前年度に同定されたCAR細胞特異的遺伝子のうち,必須の機能が期待できる転写因子やシグナル受容体等の遺伝子については,CXCL12-GFPノックインマウス由来の胎児線維芽細胞や胎児間葉系細胞から樹立されたCXCL12を発現しない細胞株であるNIH/3T3に強制発現させ,CXCL12や骨芽細胞・脂肪細胞特異的遺伝子の発現を誘導するか否かを明らかにする.これらの遺伝子発現を誘導する遺伝子については,遺伝子欠損マウスを作製し,そのマウスのCAR細胞の形成や造血・免疫細胞のニッチとしての機能について解析する.

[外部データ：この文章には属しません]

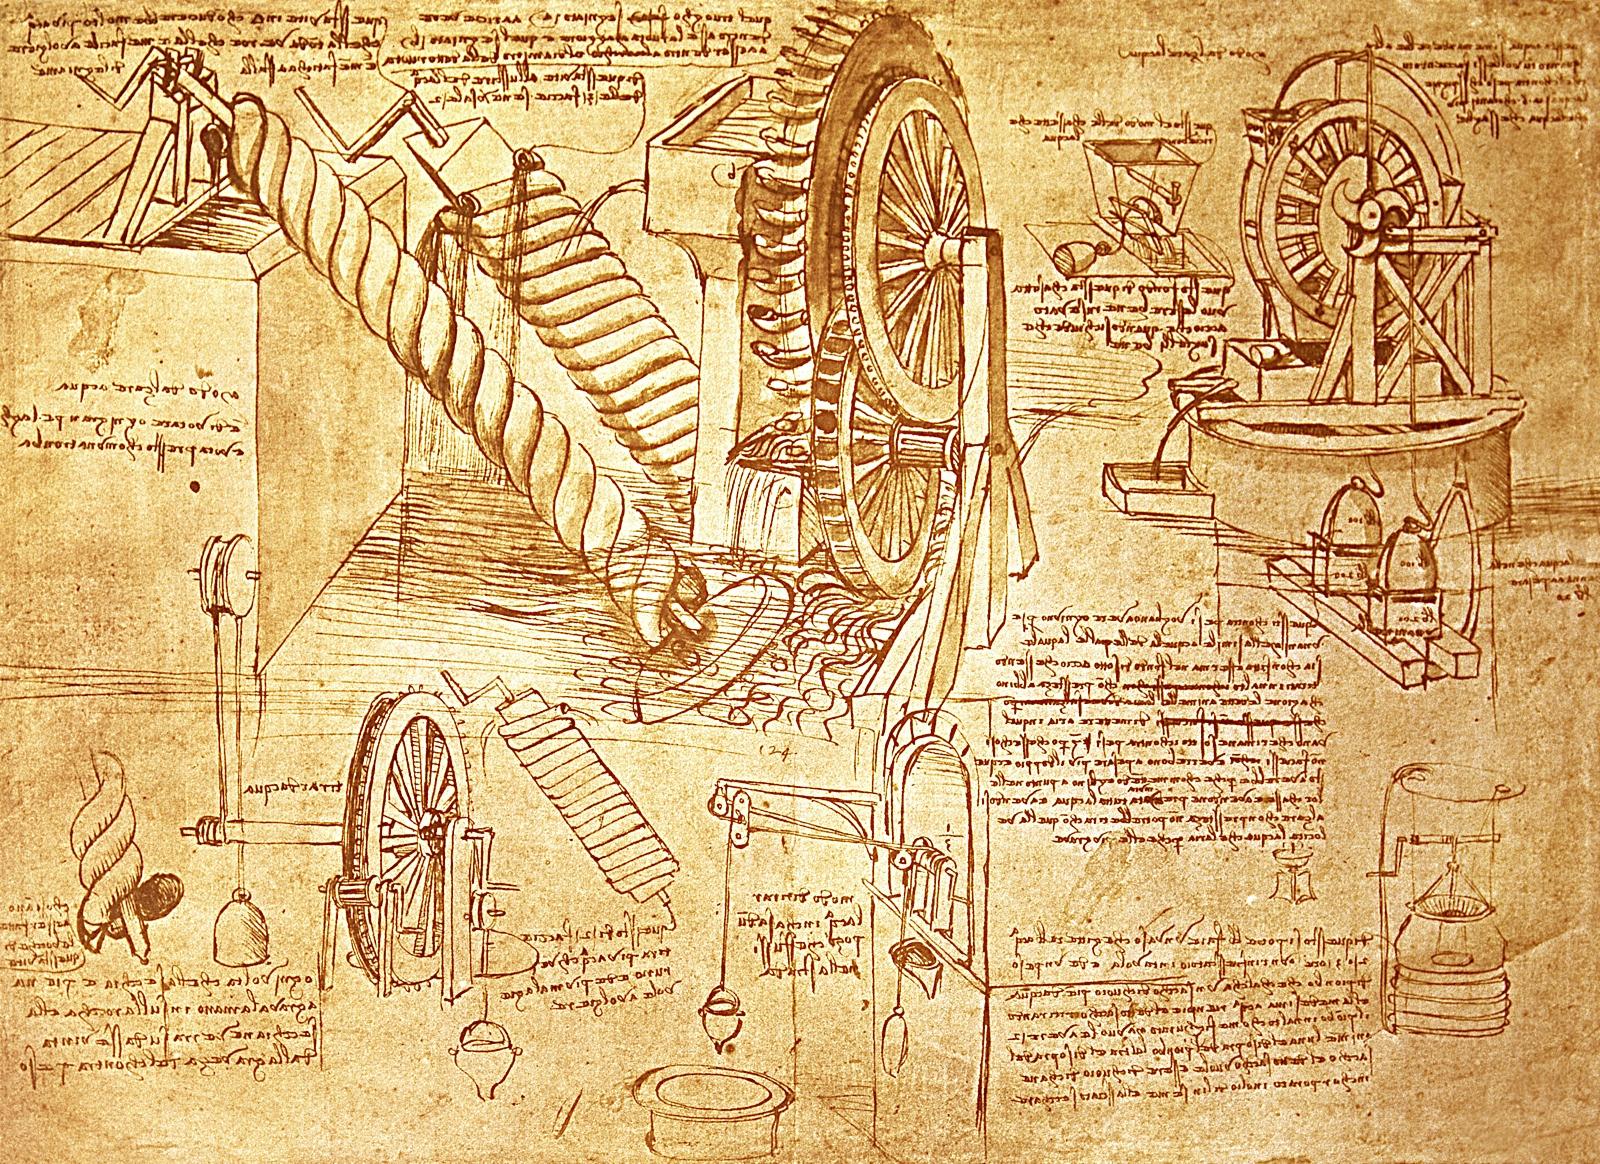 Shenime per shpikjet e Leonardos

研究計画を遂行するため,主に実験動物の購入や,抗体やサイトカイン等の試薬,プラスチックディッシュ等の消耗品の購入に使用する. また一部研究費は,申請者が学会等に参加するために適正に使用する.
すべて 2011
すべて 雑誌論文 (2件) (うち査読あり 2件)
Trends Immunol.
巻: 32(7) ページ: 315-320
doi:10.1016/j.it.2011.03.009.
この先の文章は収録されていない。